Saya tertarik
dengan artikel pada laman www.darwinsaleh.com
yang berjudul “Negara Harus Menjangkau
Seluruh Rakyat”. Saya setuju dengan apa yang dipaparkan artikel tersebut. Berkenaan dengan hal itu, saya ingin
mengelaborasi sub topik “Penghargaan pada Kepioniran Adalah Jalan menuju Kemajuan
Bangsa” lewat gagasan ini.
Pada artikel berjudul “Negara
Harus Menjangkau Seluruh Rakyat” dipaparkan sebuah kondisi yang timpang
dimana disaat banyak pejuang-pejuang yang telah dengan ikhlas mengabdikan
sebagian bahkan seluruh hidupnya untuk melakukan kerja-kerja sosial dan
menginisiasi perubahan untuk negeri dengan tanpa bayaran, namun disisi lain,
kehidupan pragmatis kota-kota besar serta megahnya panggung kekuasaan yang
penuh dengan kemunafikan seperti tak peduli akan hal tersebut.
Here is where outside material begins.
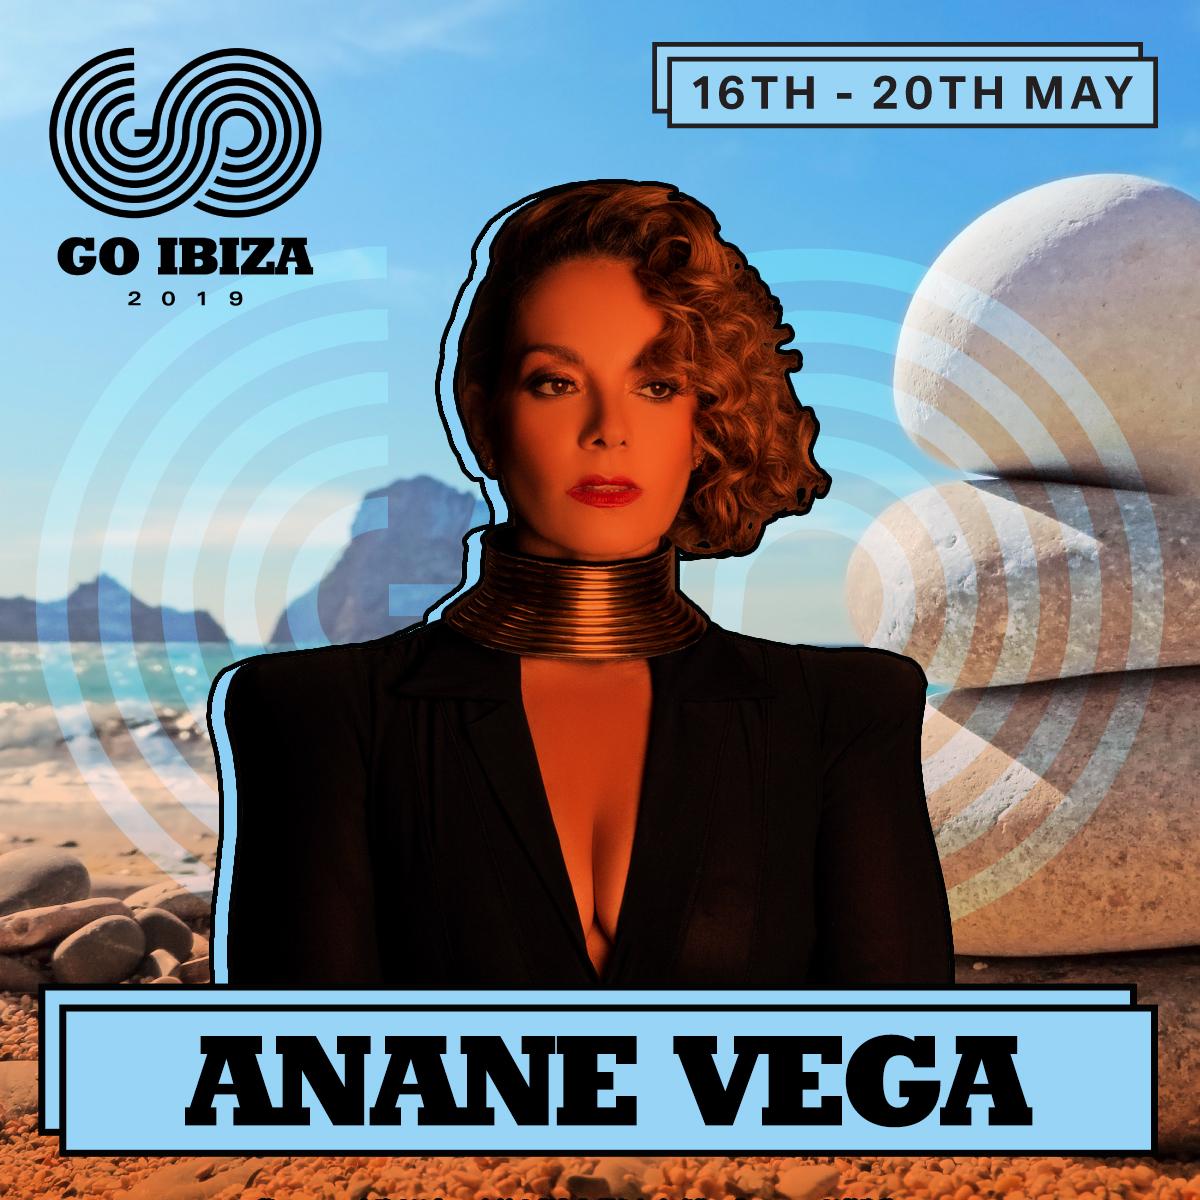 49_GO_ArtistCardTemplate_Anane-Vega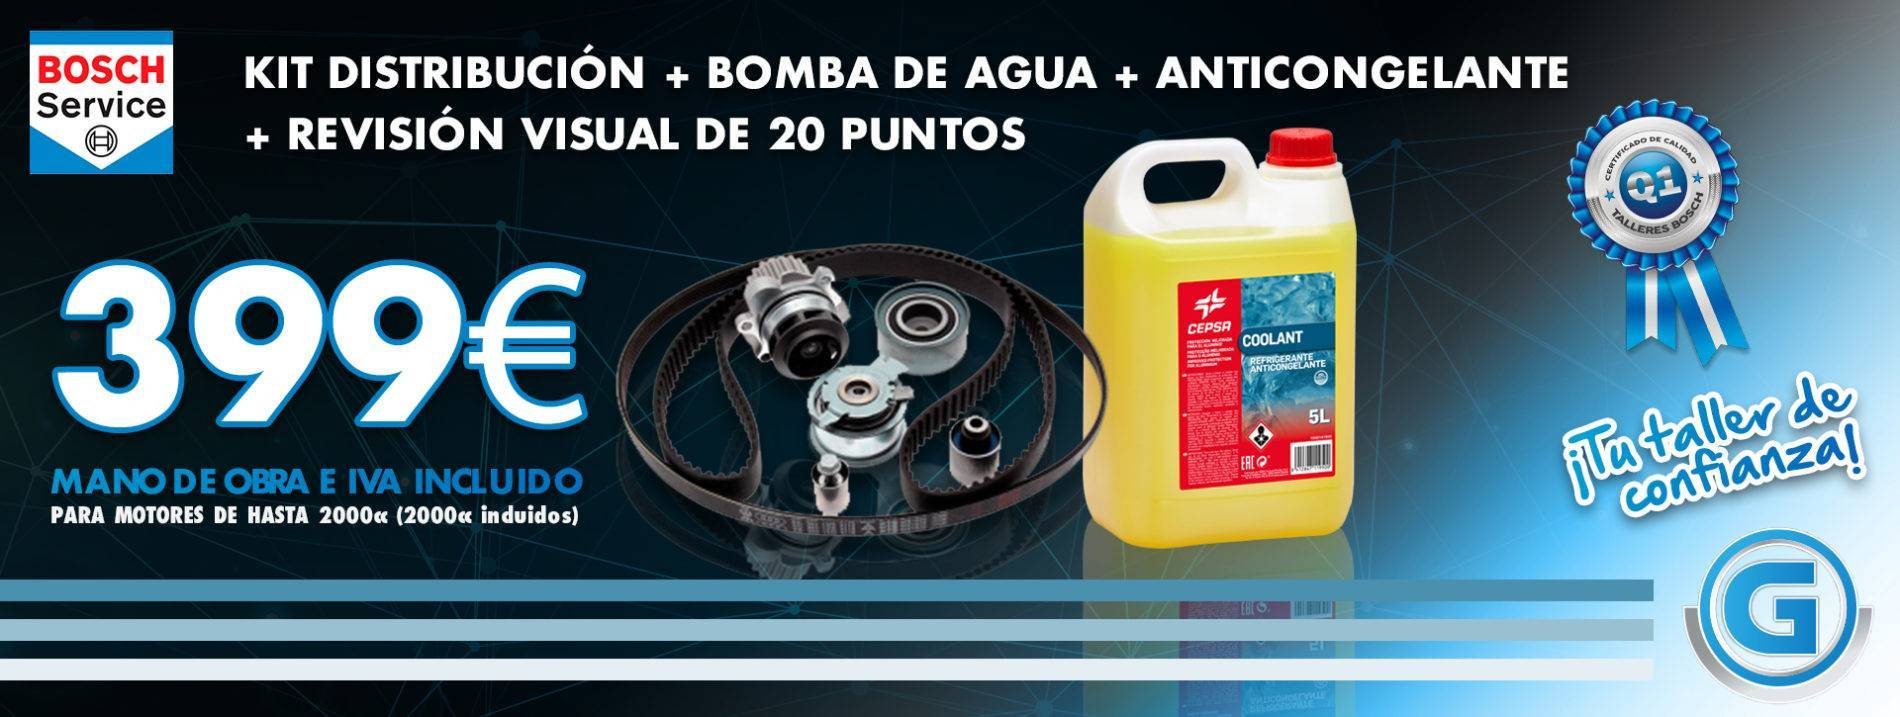 bomba agua + kit correa distribucion precio

Banyak kebijakan
yang tidak tepat sasaran, yang disebut oleh artikel tersebut salah satunya
adalah kebijakan subsidi BBM sehingga anggaran beratus-ratus triliun yang
harusnya dapat digunakan untuk pemerataan pendidikan, pembangunan infrastruktur
dan pengembangan kegiatan sosial dan ekonomi di daerah atau pelosok-pelosok
Indonesia menjadi sebatas mimpi di siang bolong pada hari ini.
Tak
bosan-bosannya saya mengajak kawan-kawan semua untuk mengingat amanat Undang-Undang
Dasar 1945 alinea ke IV tentang tujuan bangsa ini didirikan. Sebuah ikrar
mulia, yakni memajukan kesejahteraan umum, mencerdaskan kehidupan bangsa, dan
ikut melaksanakan ketertiban dunia yang berdasarkan kemerdekaan, perdamaian abadi dan keadilan sosial adalah sebuah
manifestasi mimpi-mimpi para founding
fathers yang dengan segenap jiwa dan raganya telah berhasil membawa
Indonesia ke pintu gerbang kemerdekaan. Ya, pintu gerbang kemerdekaan, sebab
sejatinya merawat kemerdekaan adalah perjuangan sepanjang masa yang penuh
dinamika perubahan seiring dengan sifat zaman yang berubah-ubah.
Pemuda Membangun Desa
(Sumber : hmkmunud.wordpress.com)
Pemuda adalah
nadi yang tidak dapat terpisahkan dari sejarah. Momentum kebangkitan nasional
yang dahulu dipioneri oleh Boedi Oetomo dan kawan-kawan sejak tahun 1908 hingga
melahirkan konggres pemuda pertama di
Batavia pada tahun 1926 dan akhirnya berhasil menyatukan seluruh pemuda Indonesia
dalam sebuah konggres pemuda kedua yang menghasilkan ikrar kebangsaan serta
persatuan yang kita kenal kini sebagai Sumpah Pemuda.
Pada masa selanjutnya,
generasi muda selalu menjadi bagian penting dalam perwujudan cita-cita
nasional. Barisan kaum muda yang berani bersatu dalam barisan perjuangan itu
tidak banyak secara kuantitas. Mereka adalah bagian dari creative minority, sedikit orang yang memutuskan sebagian waktunya
disumbangkan untuk malam-malam dalam dialektika intelektual, berpikir untuk
nasib bangsa yang lebih baik dan bermartabat.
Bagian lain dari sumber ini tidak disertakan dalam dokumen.